[INFORMATION SHOWN]

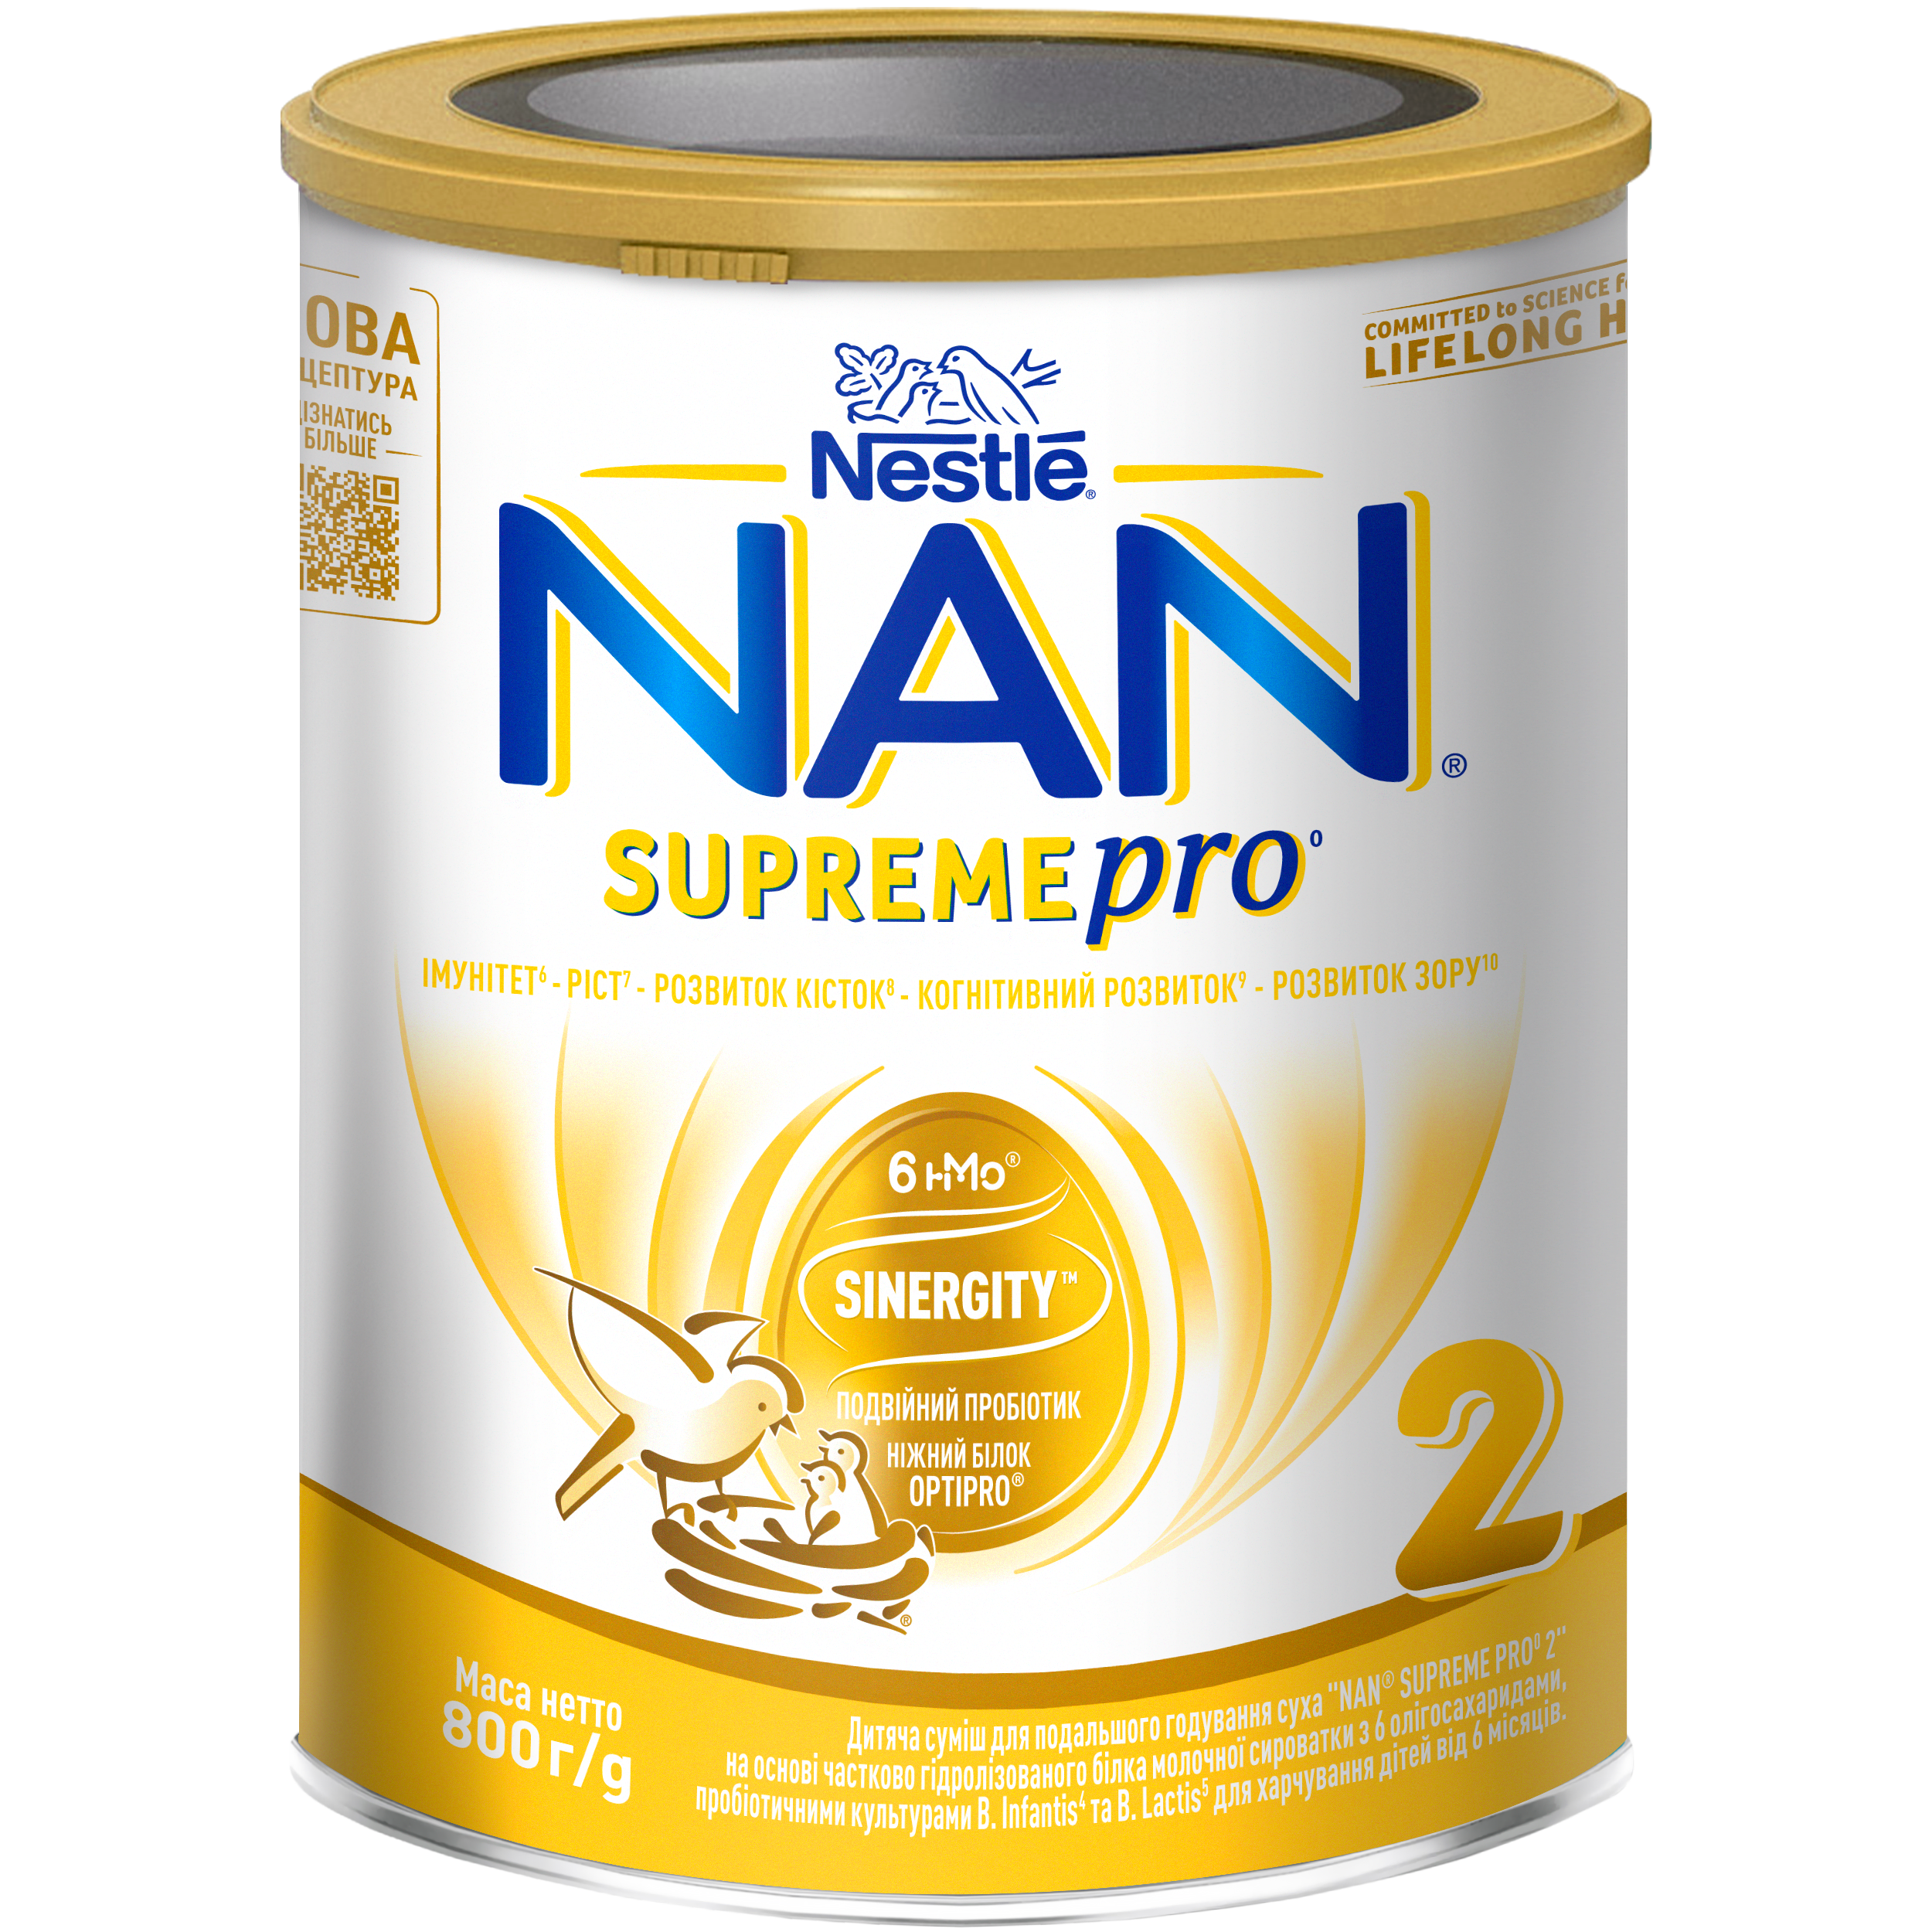 Суха молочна суміш NAN Supreme Pro 2, з олігосахаридами, 800 г - фото 1
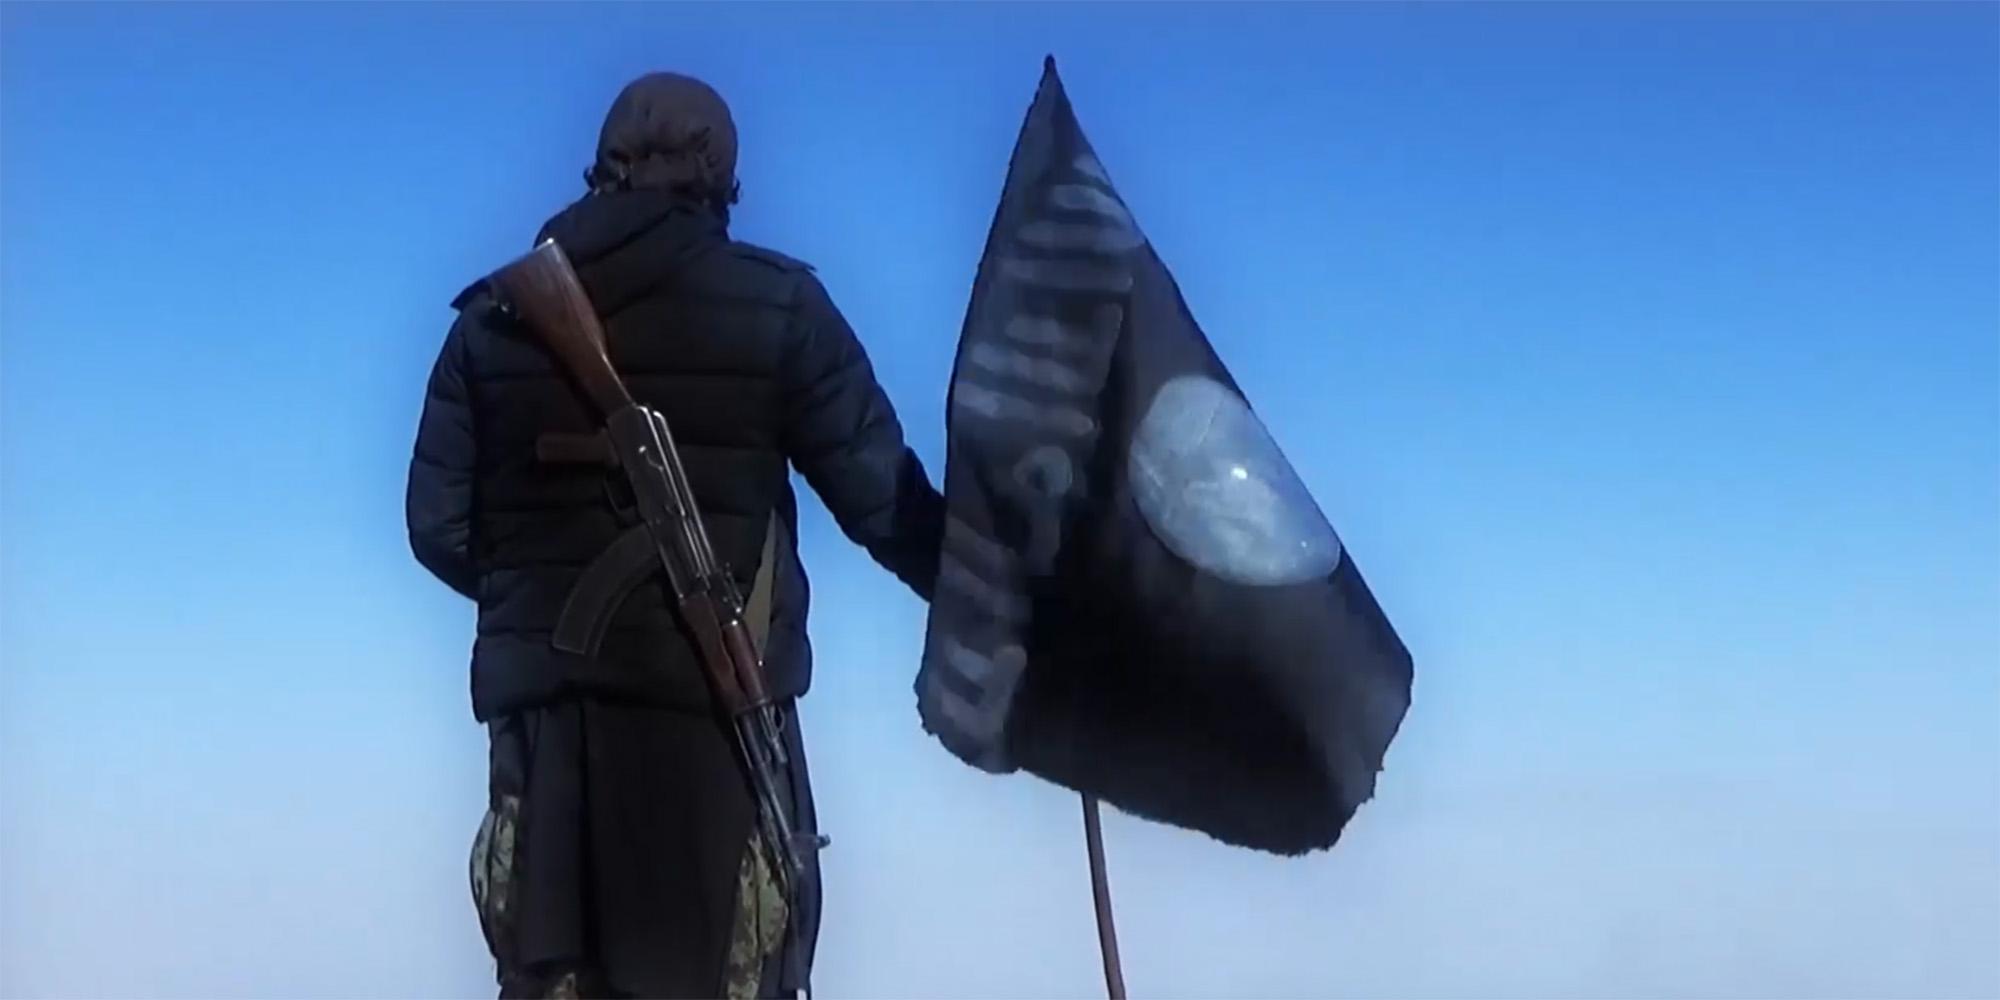 لماذا يسعى تنظيم داعش خراسان إلى استقطاب الطاجيك؟
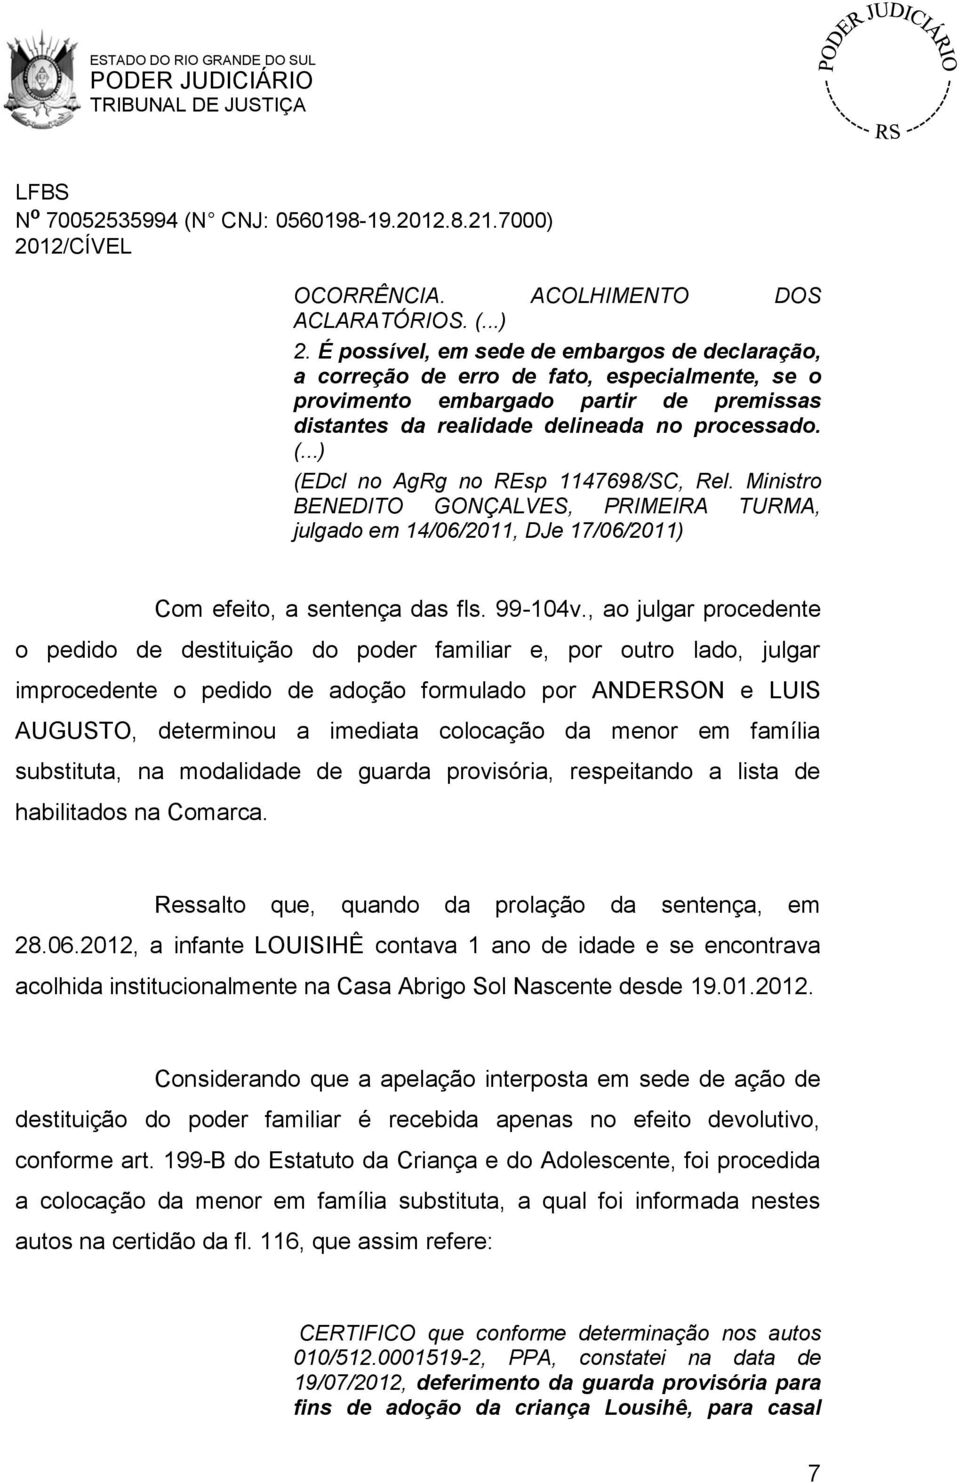 (EDcl no AgRg no REsp 1147698/SC, Rel. Ministro BENEDITO GONÇALVES, PRIMEIRA TURMA, julgado em 14/06/2011, DJe 17/06/2011) Com efeito, a sentença das fls. 99-104v.
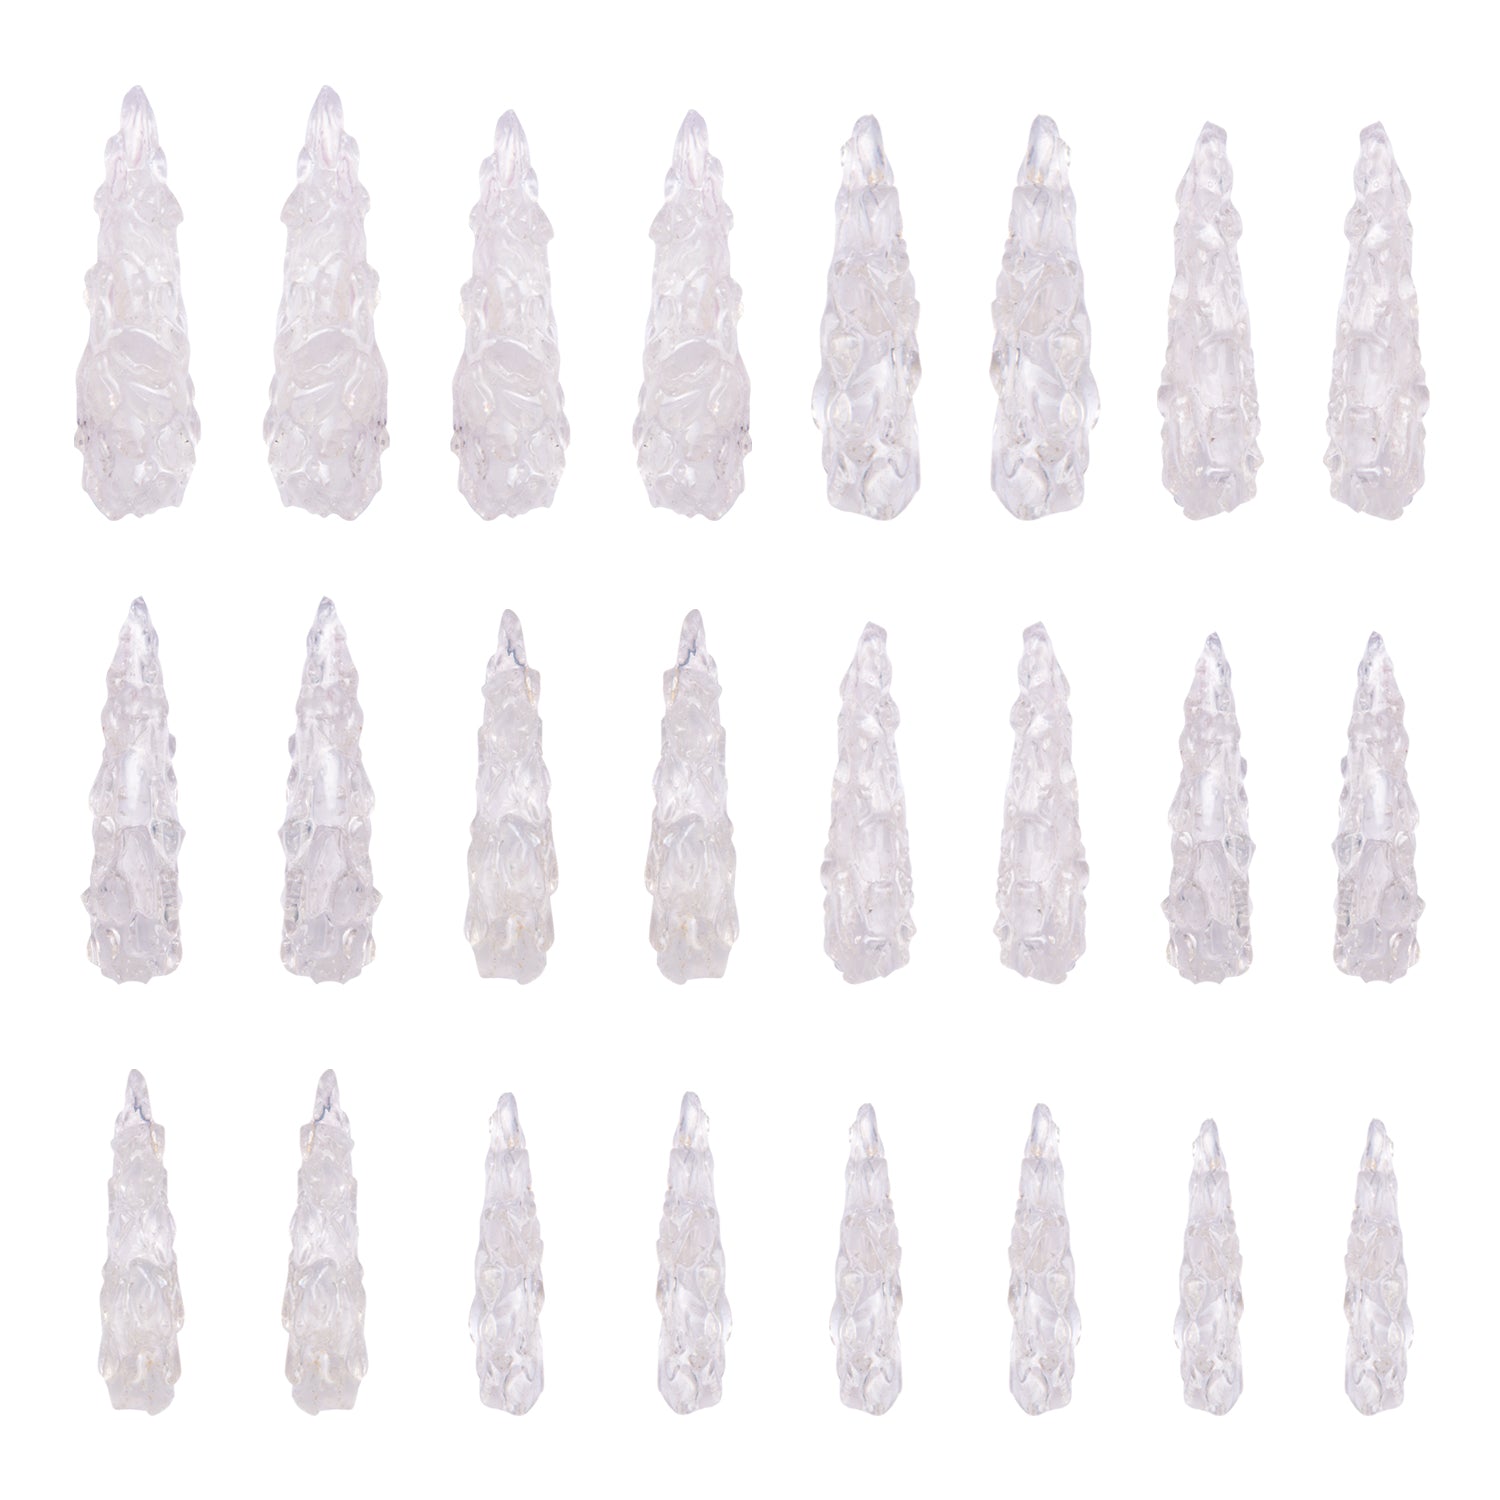 H179 - Clear Quartz Crystal - 24 Pcs

[/INFORMATION SHOWN]

With pictures omitted, copy exactly the lines from the one containing "لماذا يسعى تنظيم" through the final line of the listing, both included.

## SOLUTION FOR THIS EXERCISE
 لماذا يسعى تنظيم داعش خراسان إلى استقطاب الطاجيك؟
 (EDcl no AgRg no REsp 1147698/SC, Rel. Ministro BENEDITO GONÇALVES, PRIMEIRA TURMA, julgado em 14/06/2011, DJe 17/06/2011) Com efeito, a sentença das fls. 99-104v.
 H179 - Clear Quartz Crystal - 24 Pcs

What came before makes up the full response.